Action item —
Reproduce, exactly and only, the lines of the data that follows from the one containing "Lee sung min" down to the one containing "avantage-petits-seins", without pictures.

Information provided —

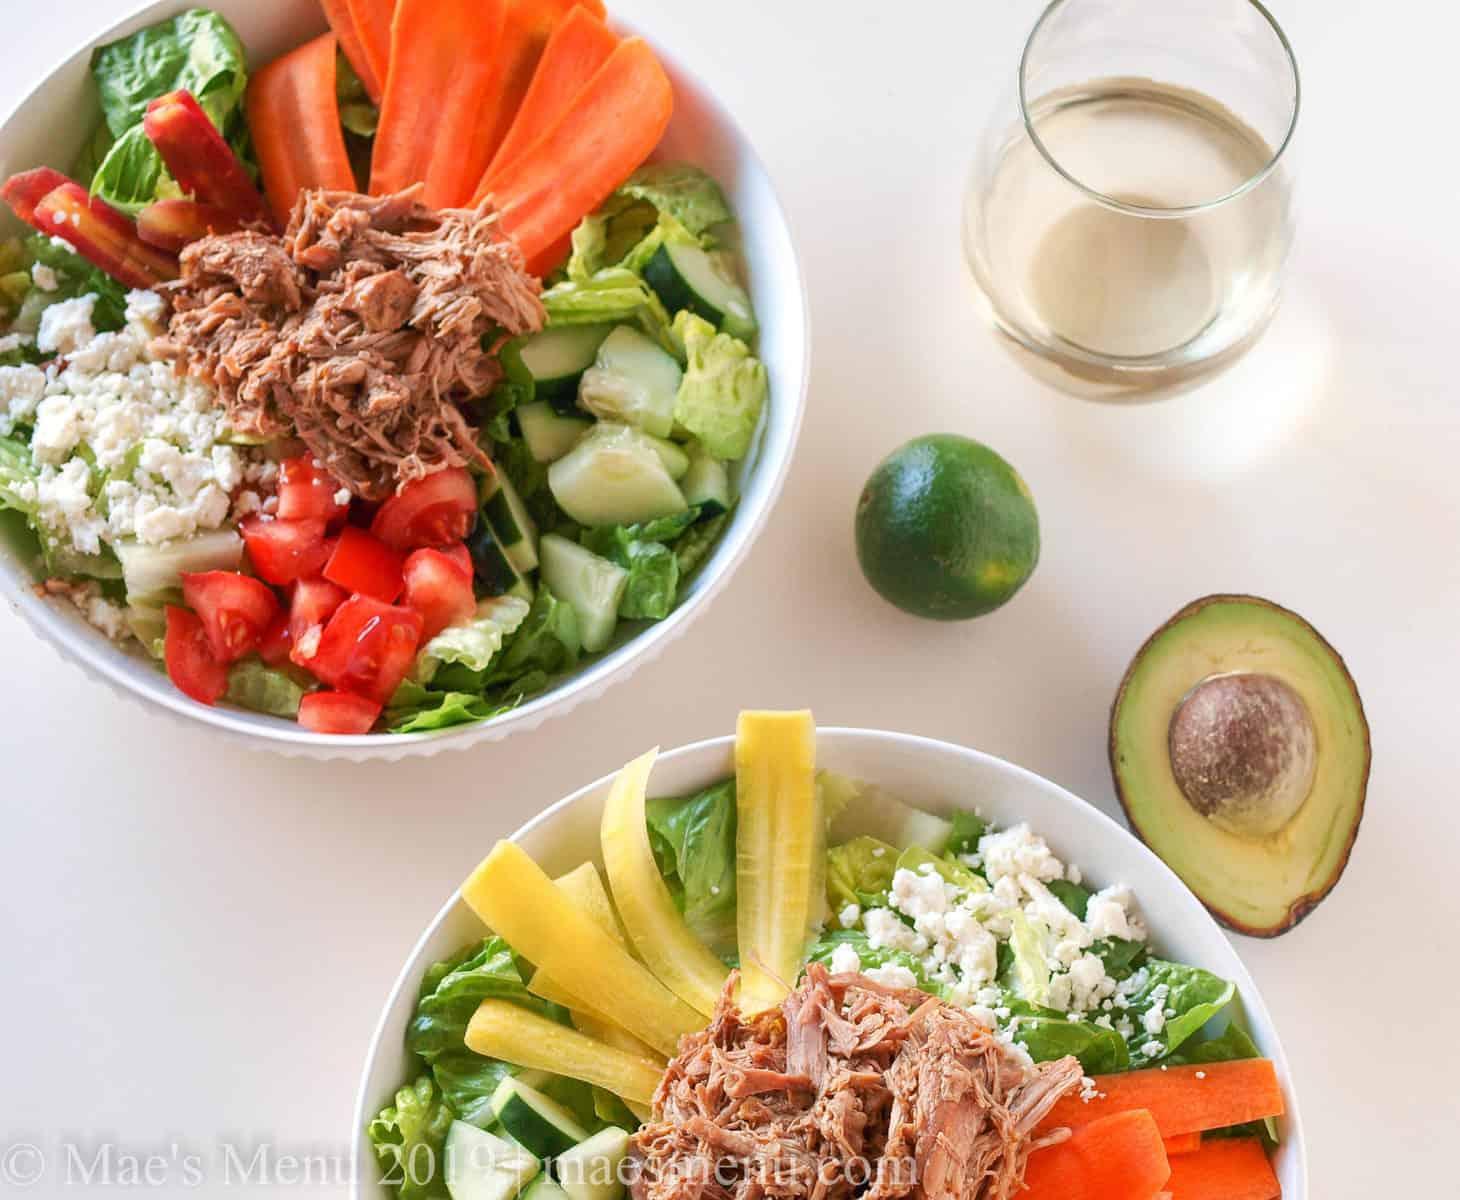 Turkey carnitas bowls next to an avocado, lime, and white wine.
---
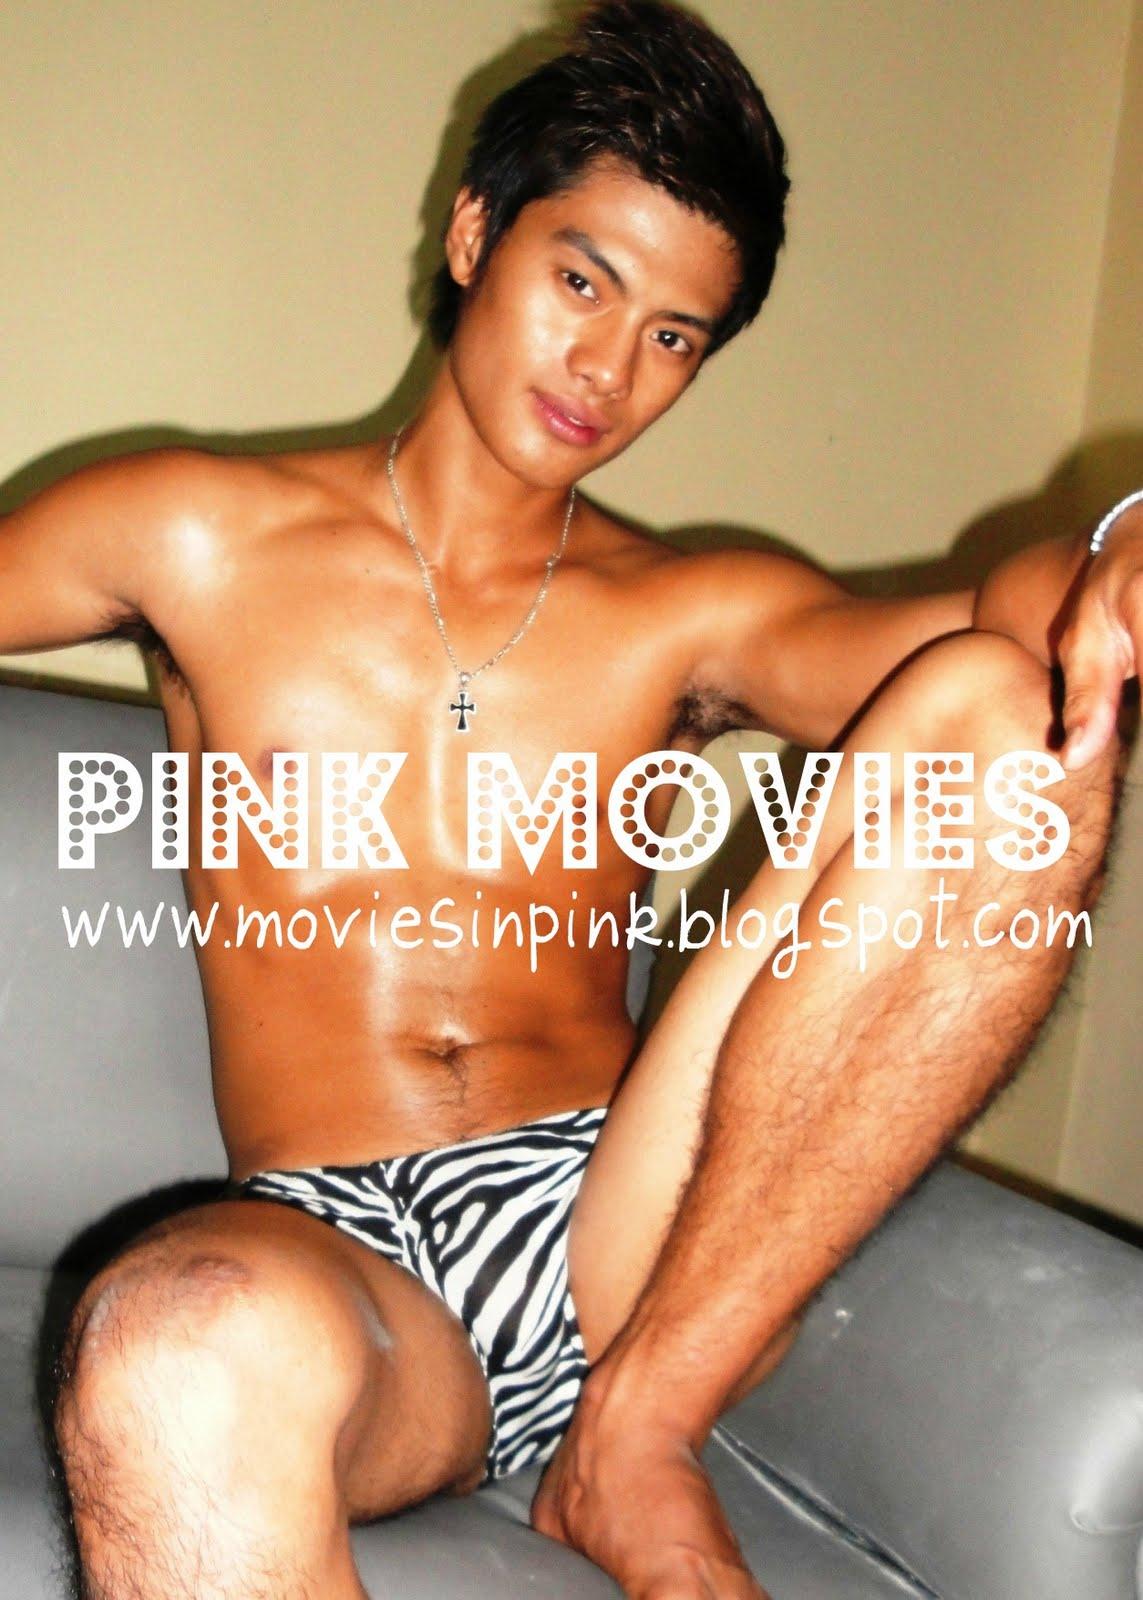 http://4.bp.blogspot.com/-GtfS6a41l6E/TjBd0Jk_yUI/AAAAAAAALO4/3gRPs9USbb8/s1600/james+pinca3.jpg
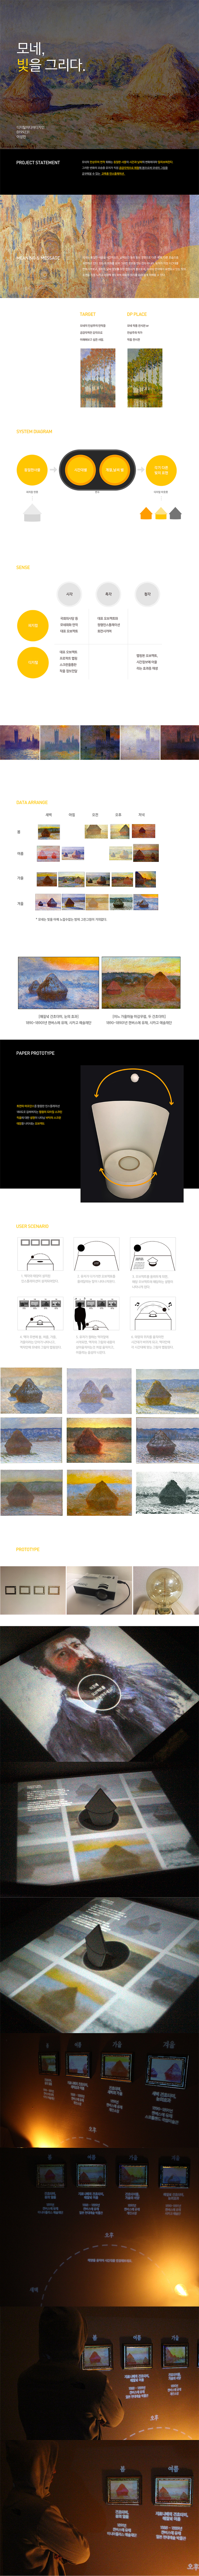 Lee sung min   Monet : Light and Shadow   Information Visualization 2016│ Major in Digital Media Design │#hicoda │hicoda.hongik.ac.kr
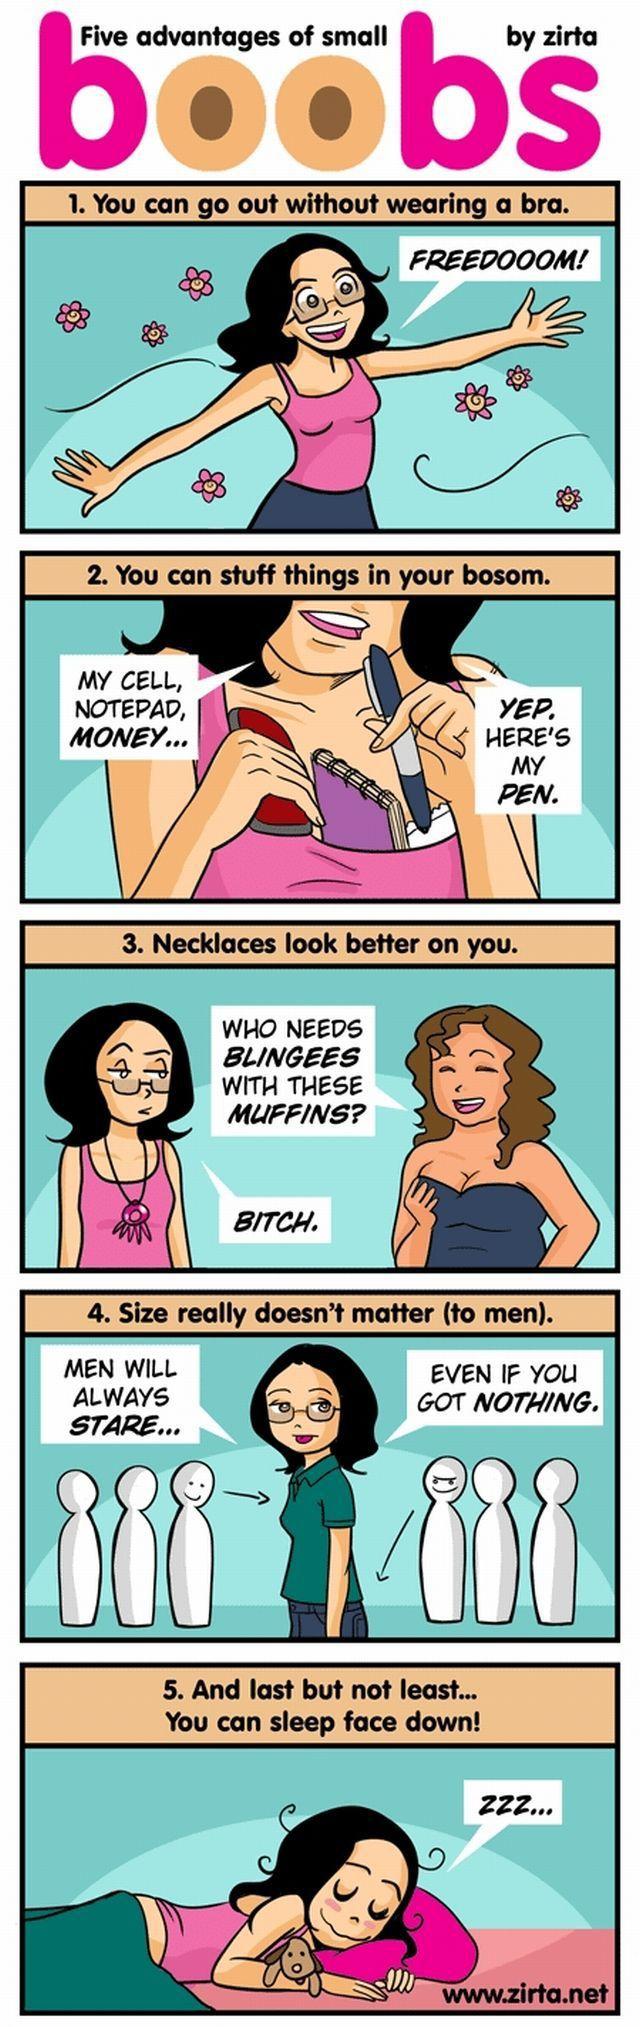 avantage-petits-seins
--
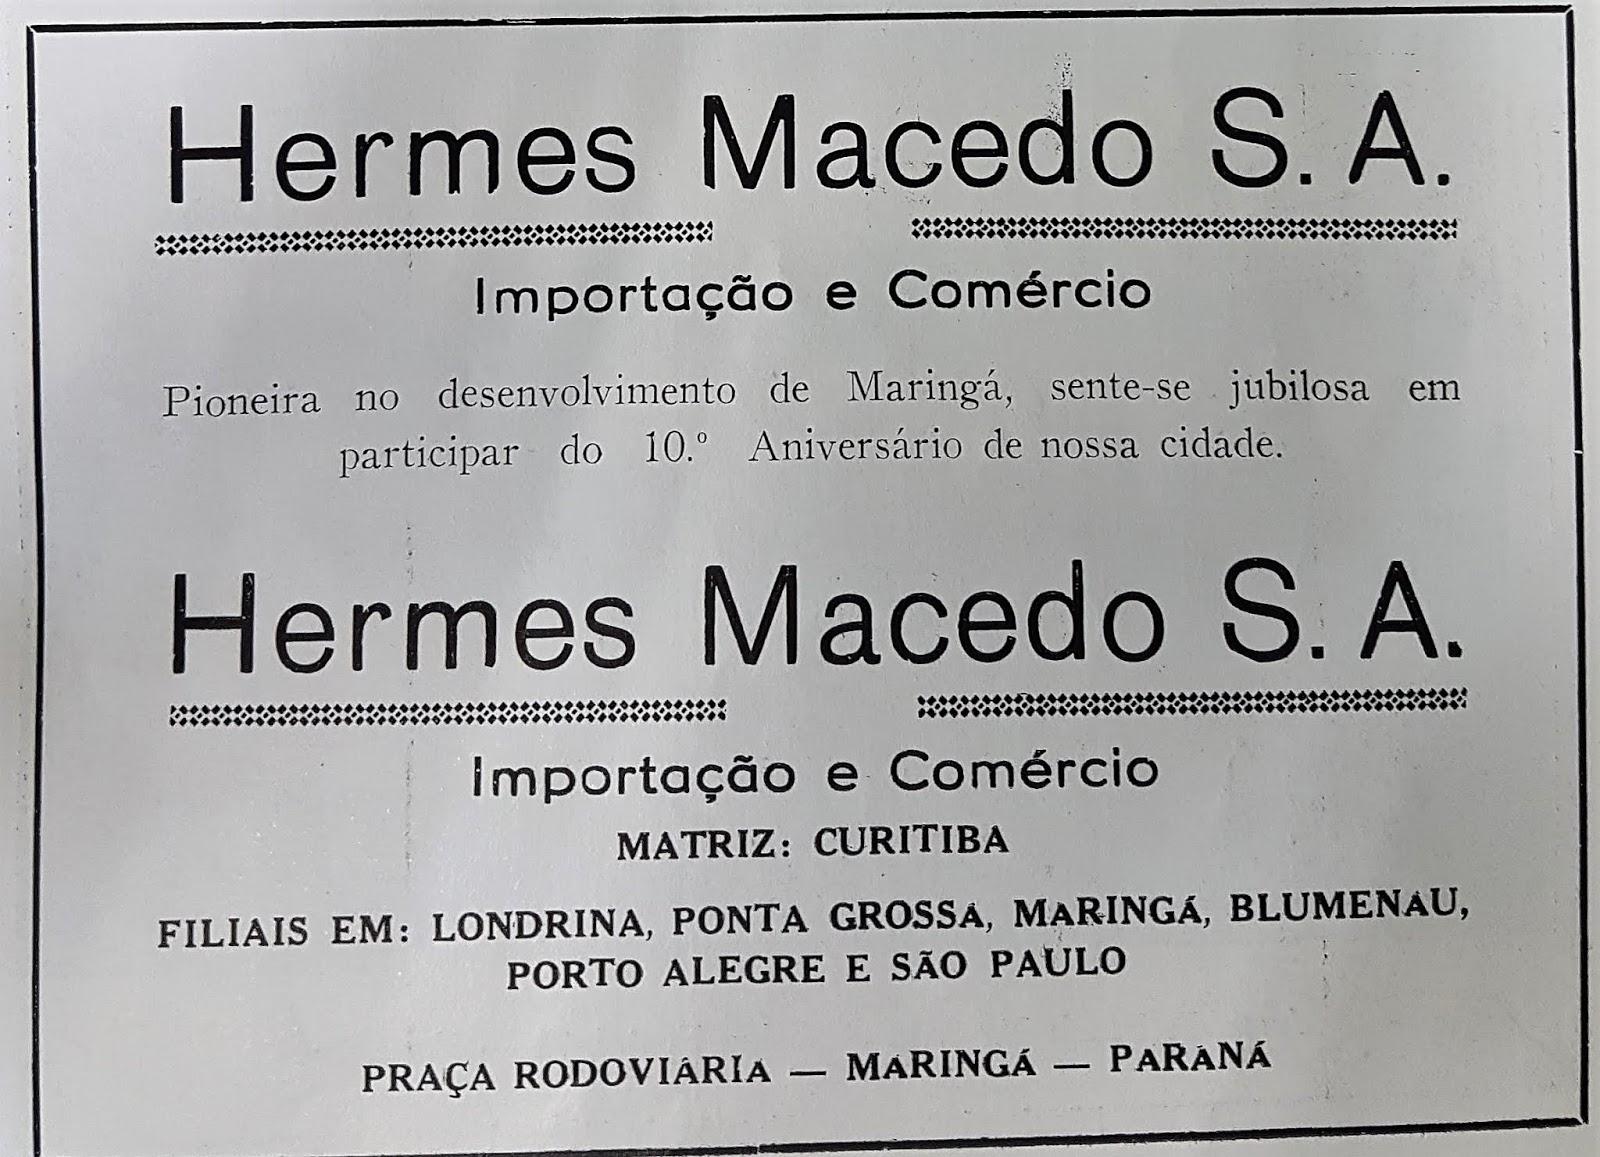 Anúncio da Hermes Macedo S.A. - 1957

Task result —
 Lee sung min   Monet : Light and Shadow   Information Visualization 2016│ Major in Digital Media Design │#hicoda │hicoda.hongik.ac.kr
 avantage-petits-seins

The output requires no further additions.